(Information shown)
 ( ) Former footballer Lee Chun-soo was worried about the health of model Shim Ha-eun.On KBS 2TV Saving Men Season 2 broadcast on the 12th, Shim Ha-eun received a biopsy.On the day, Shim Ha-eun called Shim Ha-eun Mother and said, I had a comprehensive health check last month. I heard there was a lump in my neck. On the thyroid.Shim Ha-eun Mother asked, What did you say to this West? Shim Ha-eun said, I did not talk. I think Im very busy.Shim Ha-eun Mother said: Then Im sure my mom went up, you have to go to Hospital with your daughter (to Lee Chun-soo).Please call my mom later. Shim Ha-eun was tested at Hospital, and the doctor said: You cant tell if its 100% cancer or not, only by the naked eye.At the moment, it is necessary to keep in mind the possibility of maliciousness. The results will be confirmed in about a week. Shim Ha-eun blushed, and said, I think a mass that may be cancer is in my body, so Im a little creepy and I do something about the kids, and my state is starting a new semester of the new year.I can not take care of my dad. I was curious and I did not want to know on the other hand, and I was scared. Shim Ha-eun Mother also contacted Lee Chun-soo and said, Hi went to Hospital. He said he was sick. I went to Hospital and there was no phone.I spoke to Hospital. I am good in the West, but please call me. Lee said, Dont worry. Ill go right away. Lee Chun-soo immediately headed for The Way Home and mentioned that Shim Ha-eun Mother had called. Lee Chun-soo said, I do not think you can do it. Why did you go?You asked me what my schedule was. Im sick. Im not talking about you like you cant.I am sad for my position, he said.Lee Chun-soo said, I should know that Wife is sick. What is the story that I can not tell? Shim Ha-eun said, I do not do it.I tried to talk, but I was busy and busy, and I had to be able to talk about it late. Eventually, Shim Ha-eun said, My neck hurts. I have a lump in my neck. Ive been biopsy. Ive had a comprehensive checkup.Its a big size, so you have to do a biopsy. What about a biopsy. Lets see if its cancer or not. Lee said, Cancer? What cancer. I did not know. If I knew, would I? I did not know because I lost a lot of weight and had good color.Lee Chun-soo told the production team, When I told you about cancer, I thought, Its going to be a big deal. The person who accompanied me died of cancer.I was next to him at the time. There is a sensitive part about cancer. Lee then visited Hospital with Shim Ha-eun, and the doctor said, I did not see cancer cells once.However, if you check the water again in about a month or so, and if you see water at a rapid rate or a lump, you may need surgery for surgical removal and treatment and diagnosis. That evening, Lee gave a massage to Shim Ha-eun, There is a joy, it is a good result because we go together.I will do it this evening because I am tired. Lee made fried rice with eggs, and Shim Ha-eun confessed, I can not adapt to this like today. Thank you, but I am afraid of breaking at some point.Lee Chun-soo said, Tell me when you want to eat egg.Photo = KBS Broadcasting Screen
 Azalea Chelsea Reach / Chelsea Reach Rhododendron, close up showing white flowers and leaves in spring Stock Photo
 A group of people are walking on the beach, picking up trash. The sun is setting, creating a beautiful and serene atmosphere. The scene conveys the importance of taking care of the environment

(Exercise requirements) Take the line that contains "Azalea Chelsea Reach" and every line after it in the material above. Set those lines down exactly and nothing more.

(Exercise answer)
 Azalea Chelsea Reach / Chelsea Reach Rhododendron, close up showing white flowers and leaves in spring Stock Photo
 A group of people are walking on the beach, picking up trash. The sun is setting, creating a beautiful and serene atmosphere. The scene conveys the importance of taking care of the environment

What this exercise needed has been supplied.